**Action item:** Which lines run from the line containing "Coca-Cola - Ingredients" through the end of the records below? Reproduce them exactly, and nothing else.

**Records to process:**
++++++++++
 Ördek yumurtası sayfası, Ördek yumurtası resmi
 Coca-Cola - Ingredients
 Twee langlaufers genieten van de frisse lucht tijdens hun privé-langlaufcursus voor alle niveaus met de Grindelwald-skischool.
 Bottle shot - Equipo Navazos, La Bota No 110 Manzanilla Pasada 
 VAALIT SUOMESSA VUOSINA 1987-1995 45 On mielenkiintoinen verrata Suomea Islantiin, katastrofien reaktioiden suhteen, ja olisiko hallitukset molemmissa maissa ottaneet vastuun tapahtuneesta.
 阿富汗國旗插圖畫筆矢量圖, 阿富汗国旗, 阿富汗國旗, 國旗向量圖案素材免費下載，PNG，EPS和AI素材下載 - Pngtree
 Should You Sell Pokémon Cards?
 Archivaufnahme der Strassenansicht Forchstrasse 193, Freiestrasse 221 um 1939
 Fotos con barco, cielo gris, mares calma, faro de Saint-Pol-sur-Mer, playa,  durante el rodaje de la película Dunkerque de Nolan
++++++++++
**Result:**
 Coca-Cola - Ingredients
 Twee langlaufers genieten van de frisse lucht tijdens hun privé-langlaufcursus voor alle niveaus met de Grindelwald-skischool.
 Bottle shot - Equipo Navazos, La Bota No 110 Manzanilla Pasada 
 VAALIT SUOMESSA VUOSINA 1987-1995 45 On mielenkiintoinen verrata Suomea Islantiin, katastrofien reaktioiden suhteen, ja olisiko hallitukset molemmissa maissa ottaneet vastuun tapahtuneesta.
 阿富汗國旗插圖畫筆矢量圖, 阿富汗国旗, 阿富汗國旗, 國旗向量圖案素材免費下載，PNG，EPS和AI素材下載 - Pngtree
 Should You Sell Pokémon Cards?
 Archivaufnahme der Strassenansicht Forchstrasse 193, Freiestrasse 221 um 1939
 Fotos con barco, cielo gris, mares calma, faro de Saint-Pol-sur-Mer, playa,  durante el rodaje de la película Dunkerque de Nolan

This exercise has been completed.